Summer is officially here & I couldn’t be more excited! The season of spontaneous road trips, endless fresh local produce & the best outdoor gatherings. The nights become longer & everyone seems more relaxed than ever. Between attending & hosting parties all season long, I love preparing traditional barbecue side dishes with a little fancy twist. Make this upscale potato salad for your next party!
It is not your traditional potato salad loaded with hard boiled eggs, celery & mayonnaise. It is a fresh & flavourful take on the classic dish featuring a dijon vinaigrette base. The haricots verts, also known as “French beans” add a refreshing crisp bite to the salad. A cross between a green bean salad & a potato salad. For those unfamiliar with French green beans, they are a thinner style bean with a more tender bite. However, if you are unable to find this variety a standard green bean will do the trick! Just be sure to cook them a little longer during the blanching process.

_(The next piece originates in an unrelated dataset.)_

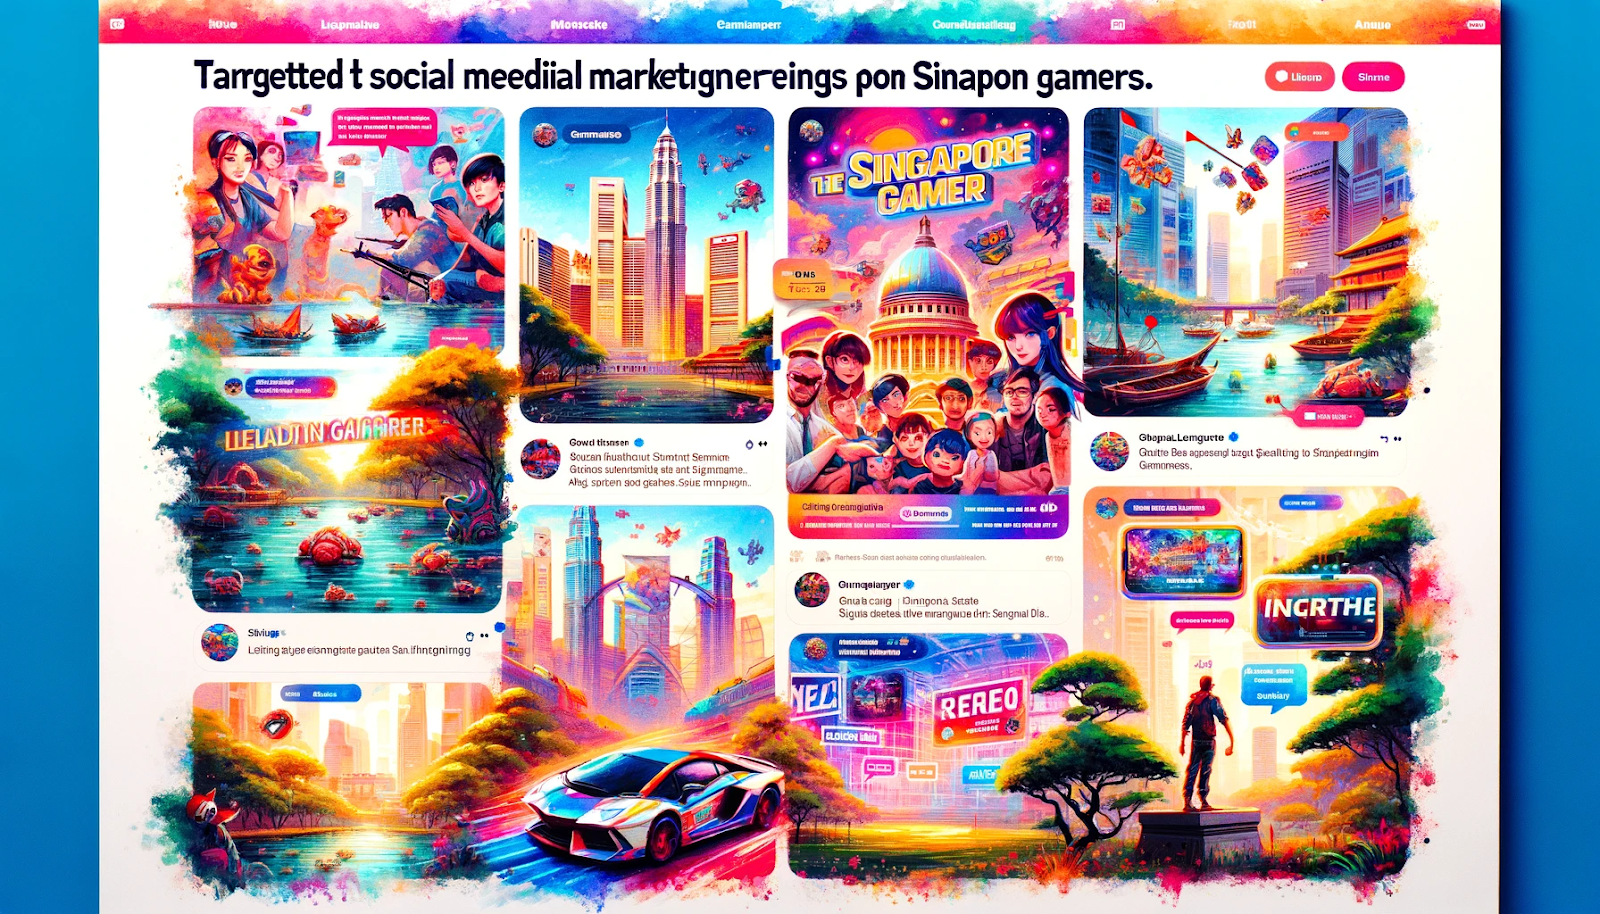 Game marketing strategies in singapore - A vibrant social media feed showcasing gaming ads and posts

What really sets this salad apart from the others is the additional step of the roasting the fingerling potatoes. It adds so much more flavour then a boiled potato & makes a big impact. The fingerling potatoes bring a nutty, earthy flavour with a firm texture & make for a beautiful presentation.
So next time you are looking for a summer side dish to bring to an outdoor barbecue, change things up with this not so traditional green bean & potato salad! It might just be the most popular dish at the gathering. Happy summer!
Warm French Green Bean & Fingerling Potato Salad
2 pounds fingerling potatoes, halved lengthwise
1/4 cup + 1/3 cup extra virgin olive oil
salt & cracked black pepper, to taste
1/2 pound haricots verts, blanched *
2 shallots, thinly sliced
2 cloves of garlic, minced
1 tablespoon capers, roughly chopped
1 tablespoon dijon mustard
1/2 cup fresh dill, roughly chopped
1 teaspoon honey
1/4 cup apple cider vinegar
4 large soft boiled eggs, halved (optional)
1. Preheat oven to 375 degrees. Line a baking sheet with parchment paper.
2. Fill a large pot with cold water. Add potatoes & a generous pinch of salt. Bring water to a boil & cook for 8 minutes. Strain potatoes.
3. Transfer potatoes to prepared baking sheet. Toss with 1/4 cup of olive oil, salt & pepper. Roast for 20-25 minutes, or until the potatoes are crispy & golden at the edges.
4. As the potatoes roast prepare the dressing. In a small mixing bowl whisk together the shallots, garlic, capers, dijon, dill, honey, vinegar & remaining olive oil.
5. In a large serving bowl add the green beans, roasted potatoes, dressing & eggs (optional). Toss to coat & serve warm!
*NOTE: To blanch the green beans, bring a large pot of salted water to a boil. Add the beans & cook for 2 minutes. Drain immediately & shock in a bowl of ice water to stop the cooking process. Strain & set aside until ready to use. This will produce a vibrant green bean with a crisp bite.